6. In addition, it is necessary to consider the possibility of non-specific binding between the target protein antibody and DNA, and select the DNA sequence that the target protein will not bind to design a pair of primers as the negative control of the antibody. The best negative control primer is a sequence upstream of the target sequence that cannot bind to the target protein.
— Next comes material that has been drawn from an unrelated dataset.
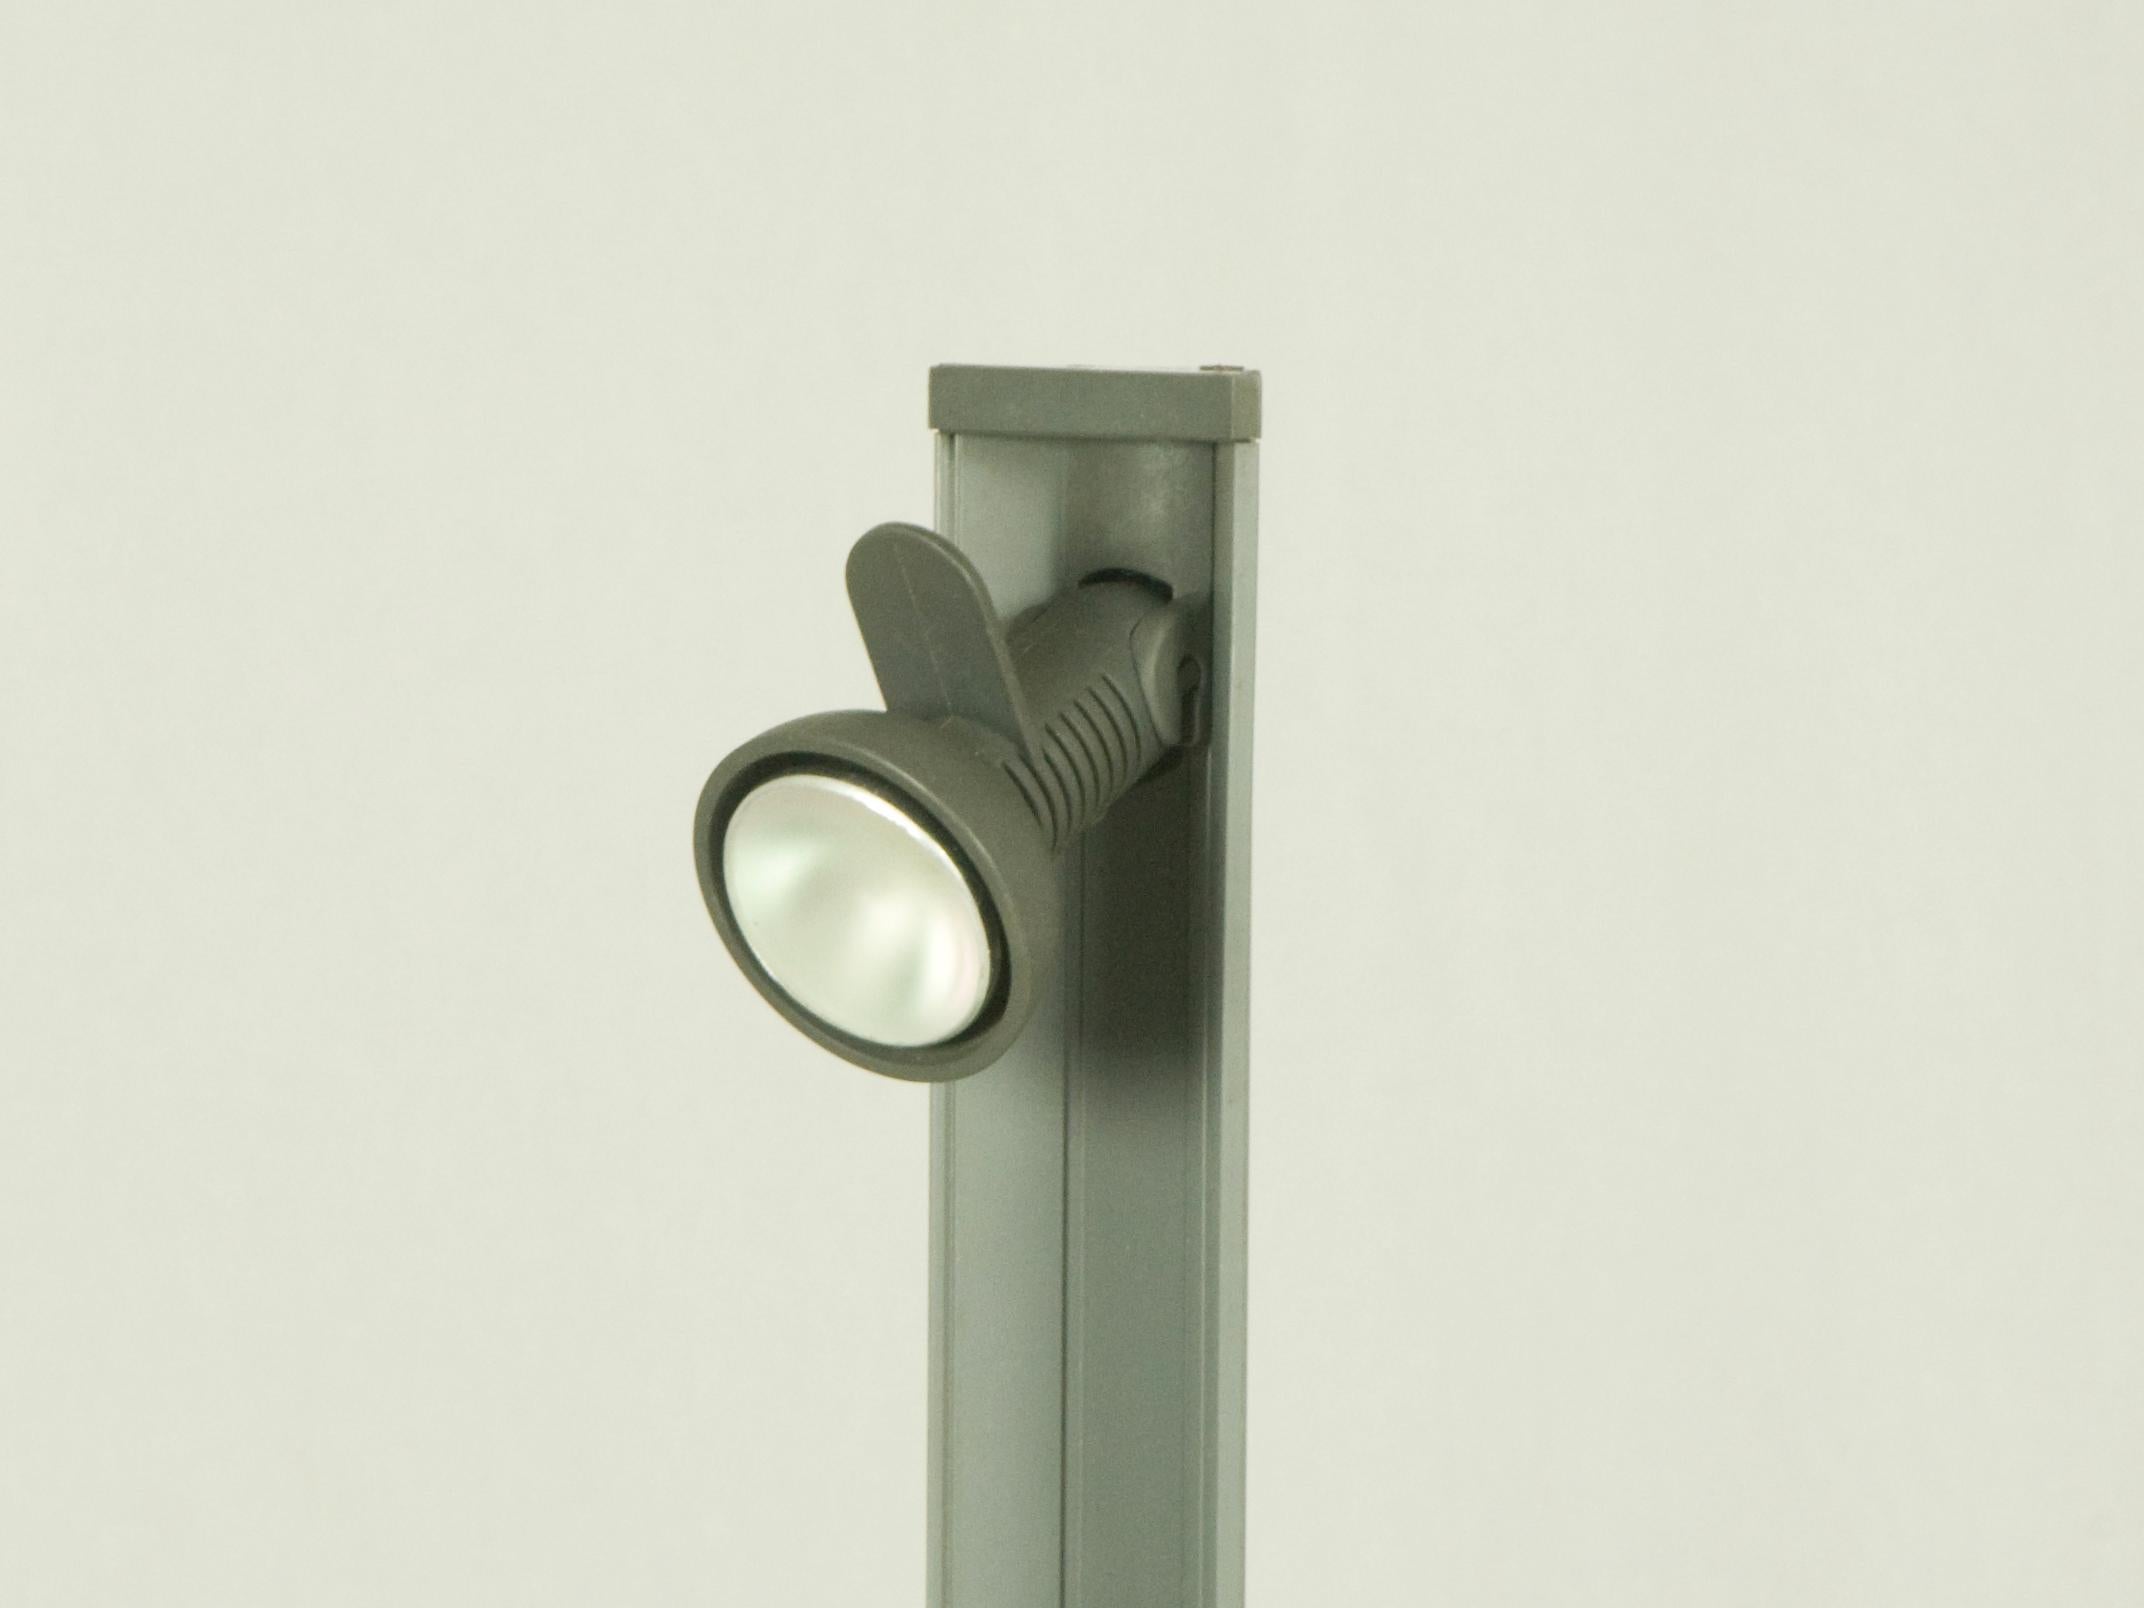 Cette lampe en plastique peut être allumée/éteinte en touchant simplement le couvercle triangulaire situé sur le dessus de la lampe. Il est en bon état : usure légère correspondant à l'usage.

7. For antibodies to new target proteins, protein immunoprecipitation can be performed first. If the antibody can successfully precipitate the protein, then carry out the chromatin immunoprecipitation test.
*1 The residual soil will be with the precipitation and have an effect on the results.
*2 Ultrasound generates a lot of heat, so be careful to keep it cold.
*3 The amount of primary antibody can be referred to the instructions of the antibody. If the dilution ratio for ChIP is not given in the instructions for the antibody, you can refer to the dilution ratio for normal immunoprecipitation. Usually, the amount of primary antibody is 0.5-1μg, but it can be increased to 10μg. You can use no antibody as a negative control or use an unrelated antibody as a negative control, and you can use a solution without cell samples as a blank control.
*4 The promoter region is mostly CG-rich sequences, and its PCR conditions may need to be adjusted accordingly.
*5 The amount of immunoprecipitated DNA is small, so the DNA probe is usually amplified by PCR method before the whole genome is scanned during the study.